Thanks again for some more help, if possible.
John.


----------



## fredBSD (Feb 26, 2009)

Aha. A little more effort on my part led me to find that the patch was to the wrong lines in qgraphicsproxywidget.cpp

The first line referenced (521) actually appeared at 517, so the addition of four blank lines got me on the road again.


----------



## Brandybuck (Feb 28, 2009)

I am getting this problem too. This is with the official release. (I get it early, it's not scheduled for release until Tuesday).

I am raising an issue with Nokia support. PCH gets turned on by default, and it's buggy. It conflicts with existing Qt-3.3.8. And when I finally do get it built, all the text is white squares. I have send messages (and screenshots) to support, release manager, and community manager.

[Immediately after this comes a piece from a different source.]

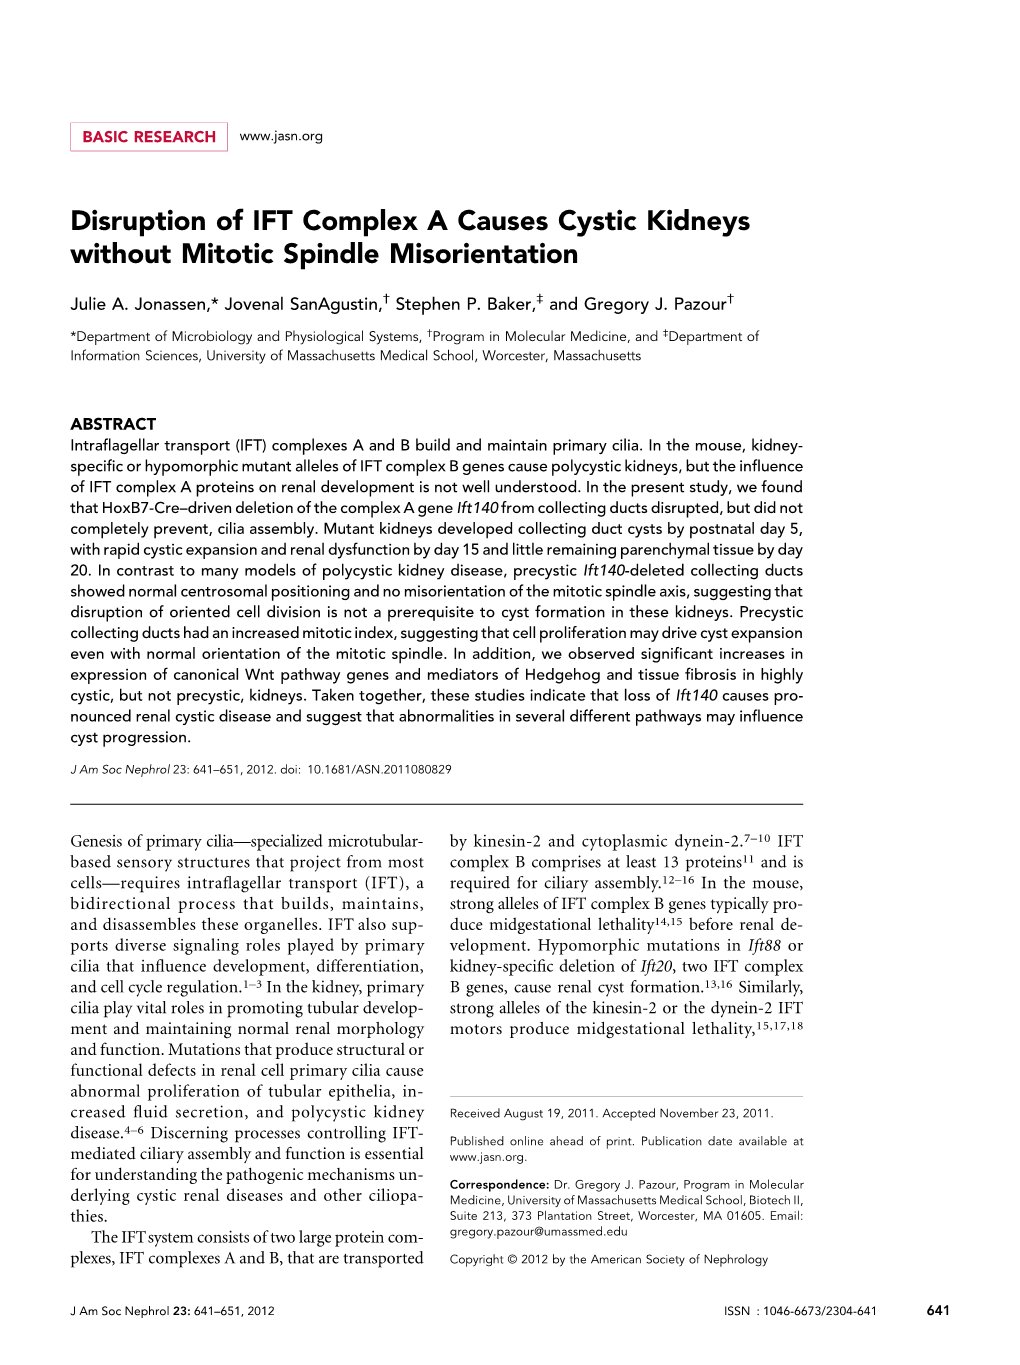 Disruption of IFT Complex a Causes Cystic Kidneys Without Mitotic Spindle Misorientation

FreeBSD used to be a tier one platform for Trolltech. No longer. Nokia lists it as "community" supported. I don't know when we became second class citizens.


----------



## cotcomsol (Feb 28, 2009)

*community supported*

This really, really pisses me off.   We have been a commercial Qt licensee for many years now.  Just renewed the license 2 months ago.  Trolltech/Nokia never bothered to tell us that they were removing FreeBSD as a supported platform.  Not only that, they cut the supported platforms list to less than half what it was.  Deploying Qt apps on FreeBSD systems was the whole reason we have been a Qt licensee all these years.

Great.  Thank you, Nokia.


----------



## Brandybuck (Feb 28, 2009)

Update: The problem appears to be locale related. I rebuilt with -no-iconv option, and this seems to work. I do not know how this affects i18n functionality, however.


----------



## lyuts (Mar 1, 2009)

Wow, cool. Thanks for the hint. Now I have go QtCreator working.


----------



## Brandybuck (Mar 1, 2009)

Good luck with QtCreator. It's got linux hardcoded in the project files. But if you change those to freebsd it will build. You'll also want to fix the install paths, because "/" is also hardcoded.


----------



## lyuts (Mar 2, 2009)

Yep, I know. I have already fixed this.


----------



## gdoerrhoefer (Mar 6, 2009)

*Thanks for the information*

Thanks a lot to all for the useful information.
We too have support contract with Trolltech for many years. Yesterday I have learned that FreeBSD is not supported by Nokia anymore. Trolltech convinced us all the time that FreeBSD is a good choice and we went very well with it. I hope that there will be enough  pressure from the FreeBSD community to Nokia for continuing FreeBSD support. Otherwise I do not understand why my company needs to pay Nokia for "support" instead of giving the money directly to the FreeBSD project.


----------



## Brandybuck (Mar 6, 2009)

I am trying to open discussions with Nokia over this issue. While the "community support" status changed back in Qt 4.3.0, it's only under Nokia's watch that Qt broke. Trolltech was engineering driven, while Nokia is marketing driven, and it affects how the communities are treated. It's nice that they are going to open up their repositories to us soon, but I fear that only means they expect us to do their work for them.


----------



## lyuts (Mar 10, 2009)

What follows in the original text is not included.